Little Decticus, hatched before my eyes, life opens for you very harshly! Many of your kindred must die of exhaustion before attaining their freedom. In my tubes I see numbers who, stopped by a grain of sand, succumb half-way and become furred with a sort of silky mildew. The mouldy part soon absorbs their poor little remains. When performed without my assistance, the coming to the light of day must be attended with even greater dangers. The usual soil is coarse and baked by the sun. Without a fall of rain, how do they manage, these immured ones?

More fortunate in my tubes with their sifted and wetted mould, here you are outside, you little white-striped nigger; you bite at the lettuce-leaf which I have given [[245]]you; you leap about gaily in the cage where I have housed you. It would be easy to rear you, I can see, but it would not give me much fresh information. Let us then part company. I restore you to liberty. In return for what you have taught me, I bestow upon you the grass and the Locusts in the garden.

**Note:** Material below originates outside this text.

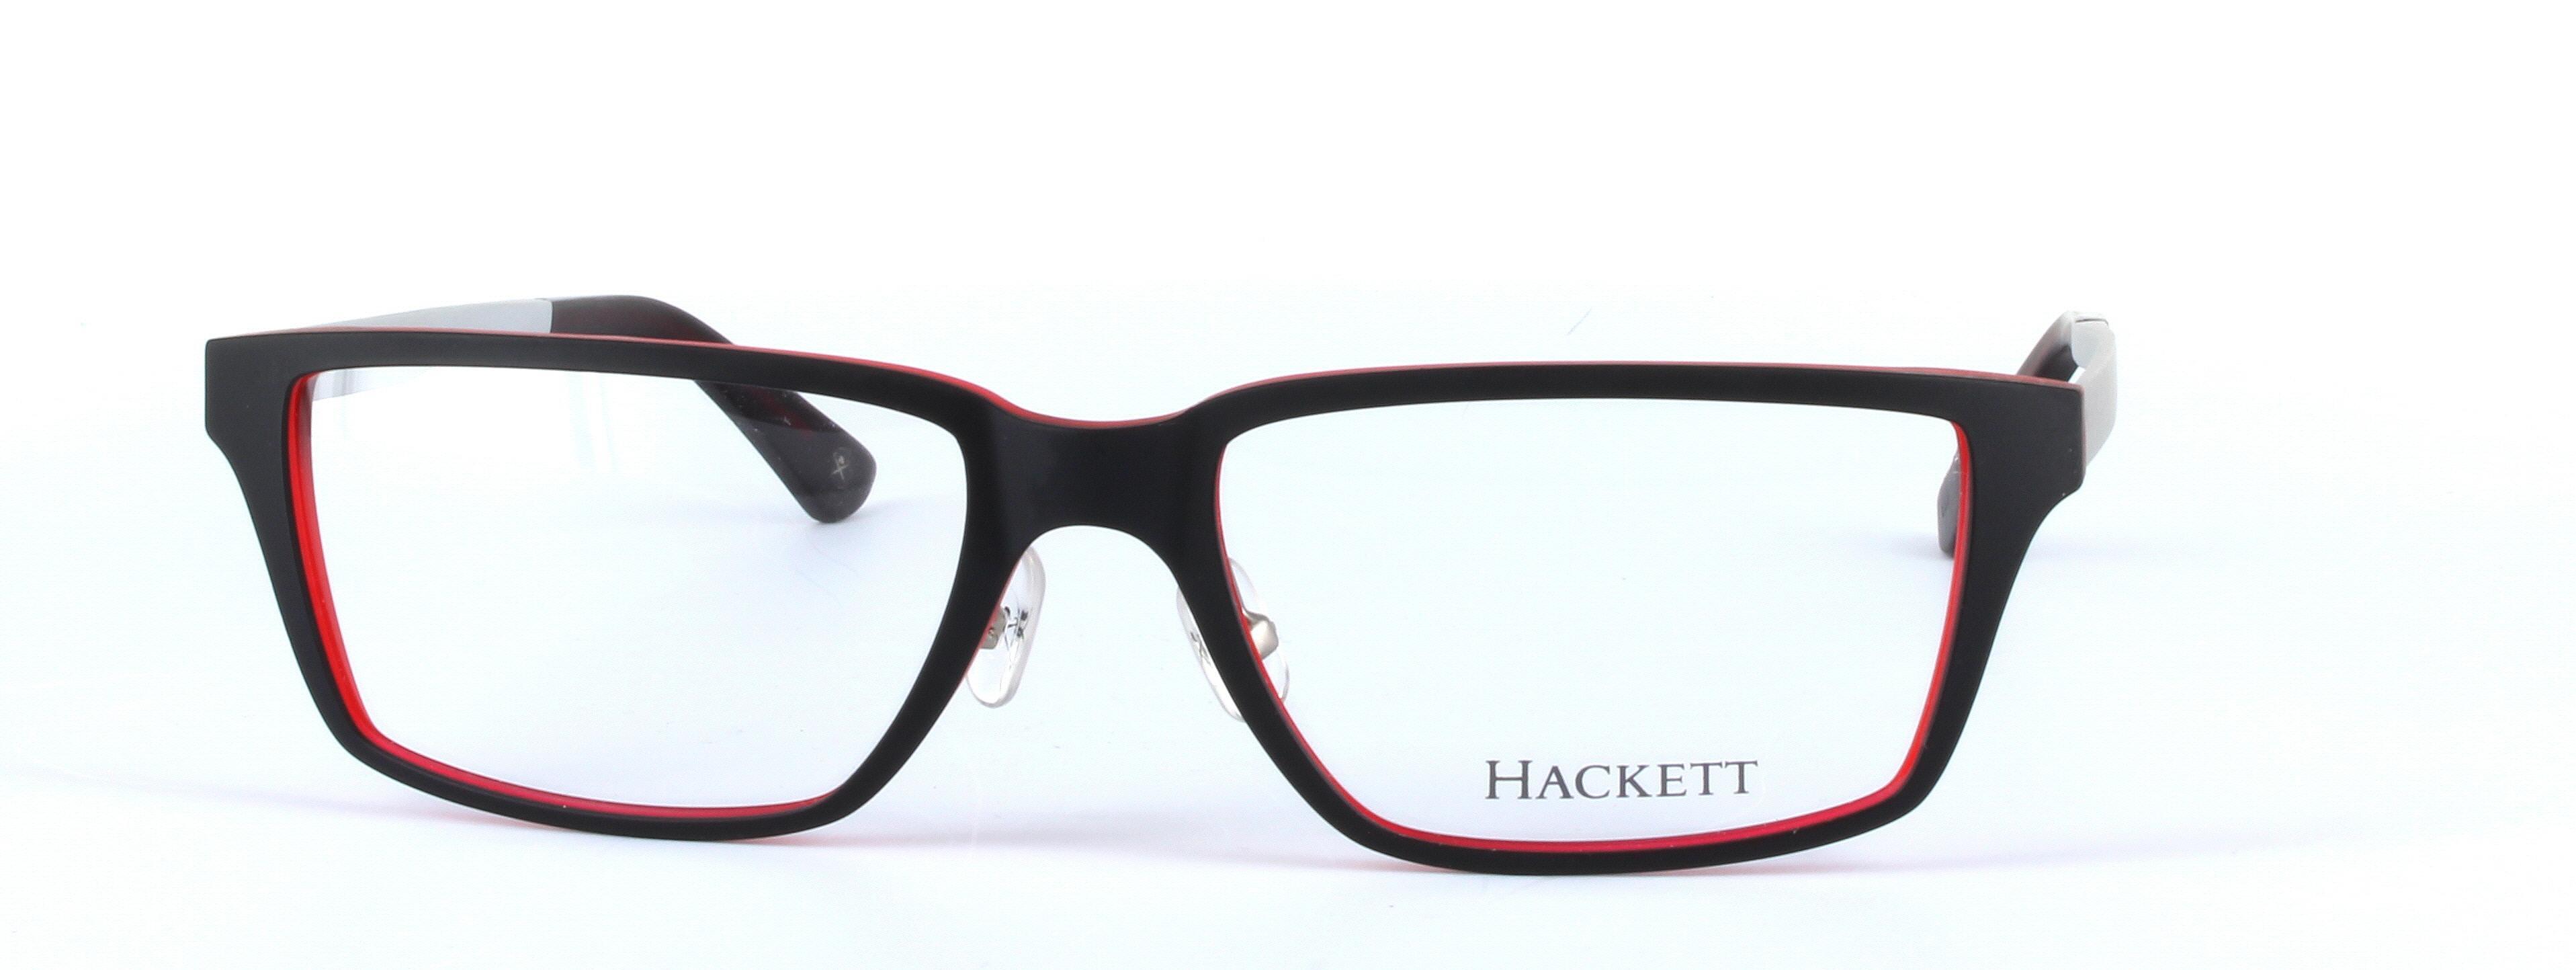 HACKETT (HEK1155-040) Black Full Rim Rectangular Acetate Glasses - Image View 5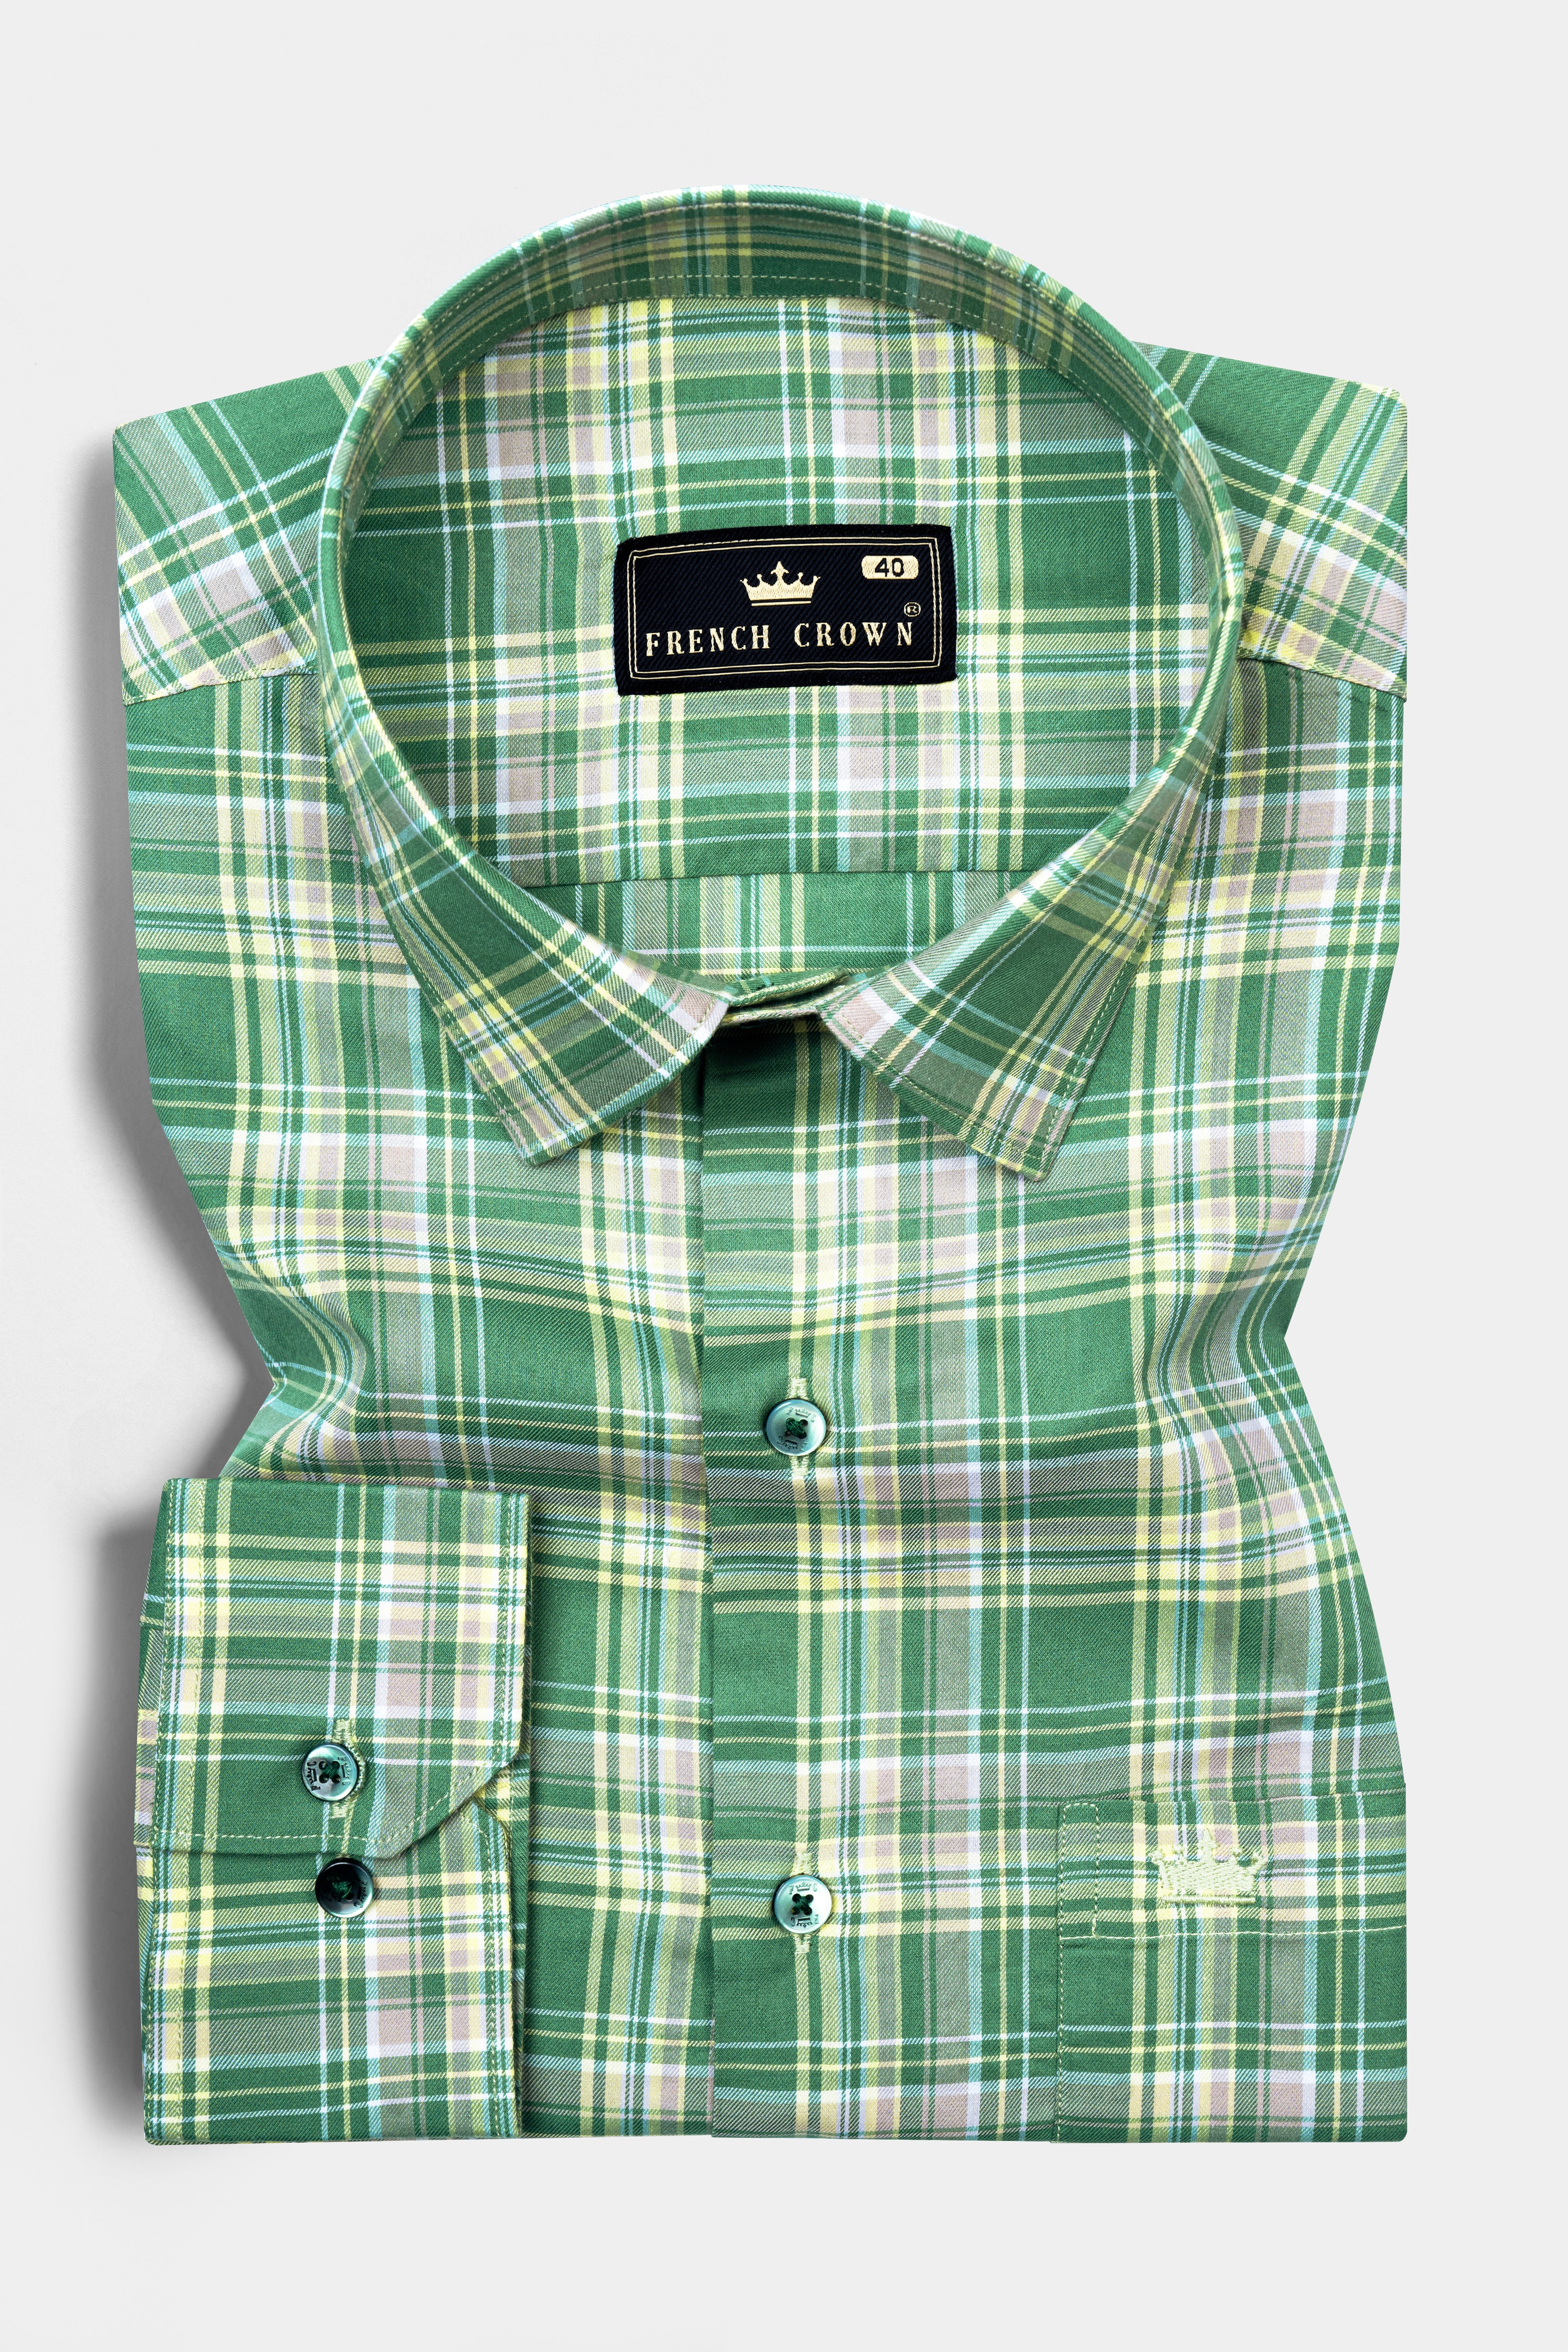 Viridian Green with Cloud Gray Plaid super Soft Premium Cotton Shirt

Thanks to you, I know that Grasshoppers, in order to leave the ground in which the eggs are laid, possess a provisional shape, a primary larval stage, which keeps those too cumbrous parts, the long legs and antennæ, swathed in a common sheath; I know that this sort of mummy, fit only to lengthen and shorten itself a little, has for an organ of locomotion a hernia in the neck, a throbbing blister, an original piece of mechanism which I have never seen used elsewhere as an aid to progression.[5] [[246]]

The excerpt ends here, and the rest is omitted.